Why Fewer MCP Tools (and More CLI) Makes Your LLM Smarter
Every week, I see people installing dozens of Model Context Protocol (MCP) servers into their coding assistants and then wondering why the model feels sluggish, inconsistent, or forgetful. The culprit isn’t the model — it’s context bloat.
Context Is Finite
An LLM’s context window is like scratch paper. Even if the vendor advertises 200k tokens, after system prompts and harness overhead you may only have ~176k tokens left. Every MCP tool eats into that space: its name, schema, and description all get injected into the model’s prompt. Install 50 tools? You’ve just burned tens of thousands of tokens before you’ve even started your task.

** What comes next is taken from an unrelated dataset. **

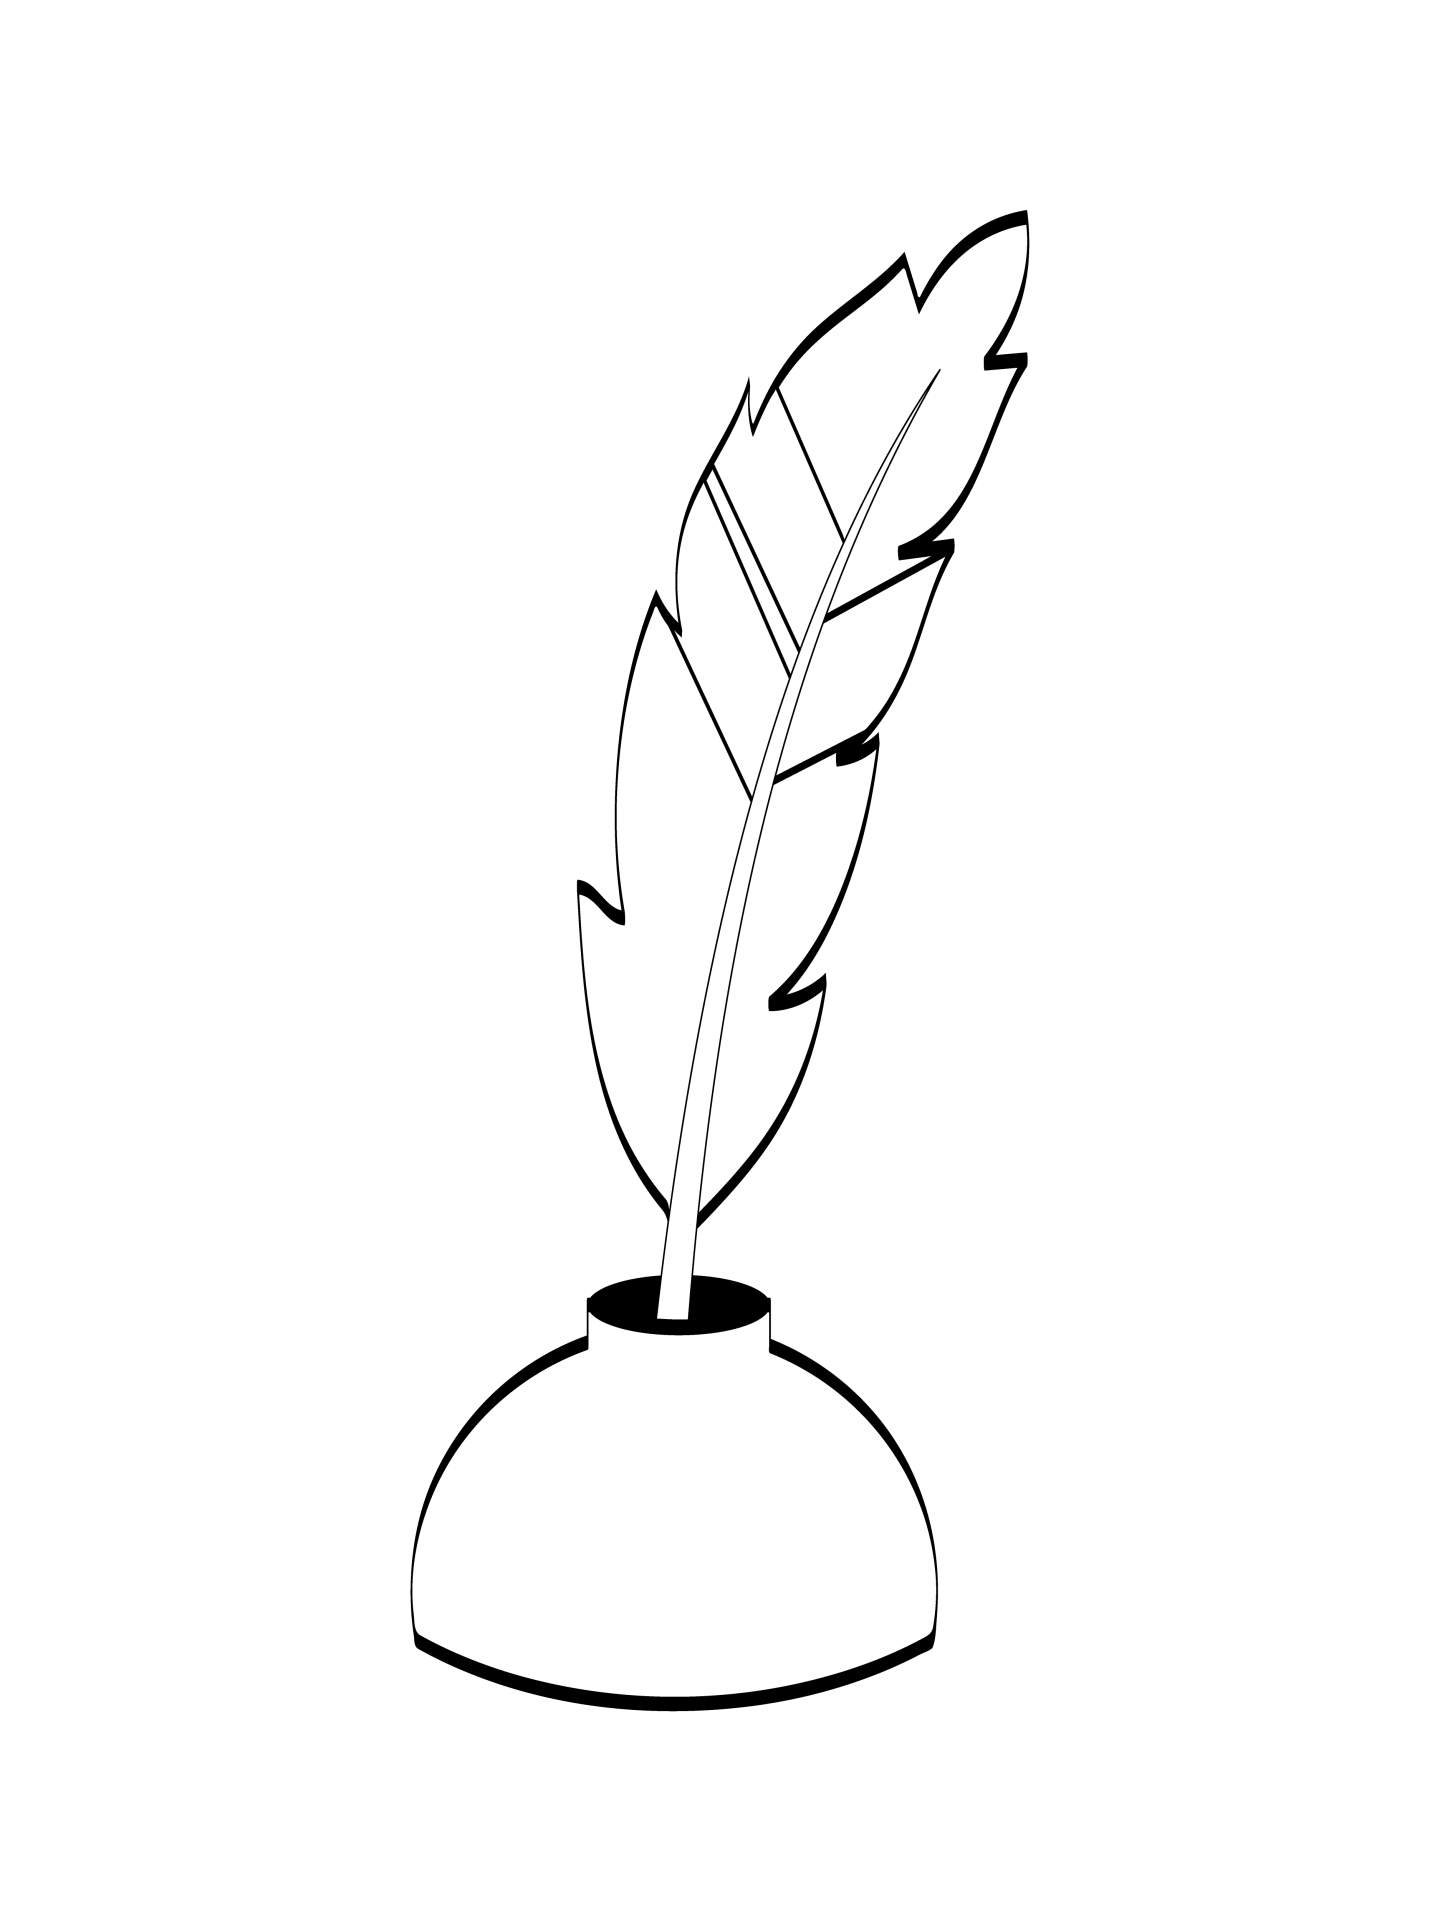 Outline black and white clipart drawing of vintage feather quill in inkpot on transparent background

That means less room for what actually matters: your codebase, logs, or documents — the real “needle in the haystack.” The more hay you add in the form of tool descriptions, the harder it is for the model to find the needle.
The Billboard Effect
Each MCP tool acts like a billboard shouting use me! because their descriptions aren’t just stored somewhere — they are injected directly into the harness system prompt every time the model runs. That means every tool you add permanently eats into your context window, even if you never call it.
The more billboards you load, the more the model’s attention is diluted. Overlapping tools add confusion: should it call list_files, get_files, or search_files? This ambiguity reduces determinism and quality.
Why Command Line (CLI)
Here’s the trick: many CLIs don’t need MCP at all. Models have already seen Git, Docker, gh, and countless shell transcripts during training. They “speak” CLI natively. By prompting a command directly —
gh issue list --repo myorg/myrepo --label bug
— you save thousands of tokens and avoid schema overhead. In fact, skipping a GitHub MCP server alone can free up ~55,000 tokens.
When to Use MCP (and When Not To)
- Use CLI directly if the model already knows the tool.
- Use MCP only when the model can’t possibly know the interface (e.g. proprietary APIs) or when you need structured outputs.
- Don’t load every shiny MCP server you see on Reddit. More tools ≠ more power. Usually, it’s the opposite.
Less Is More
Think of context as a limited budget. Spend it on your problem, not on redundant tool descriptions. Fewer MCPs, shorter descriptions, and more CLI will give your LLM the breathing room it needs to stay sharp, reliable, and useful.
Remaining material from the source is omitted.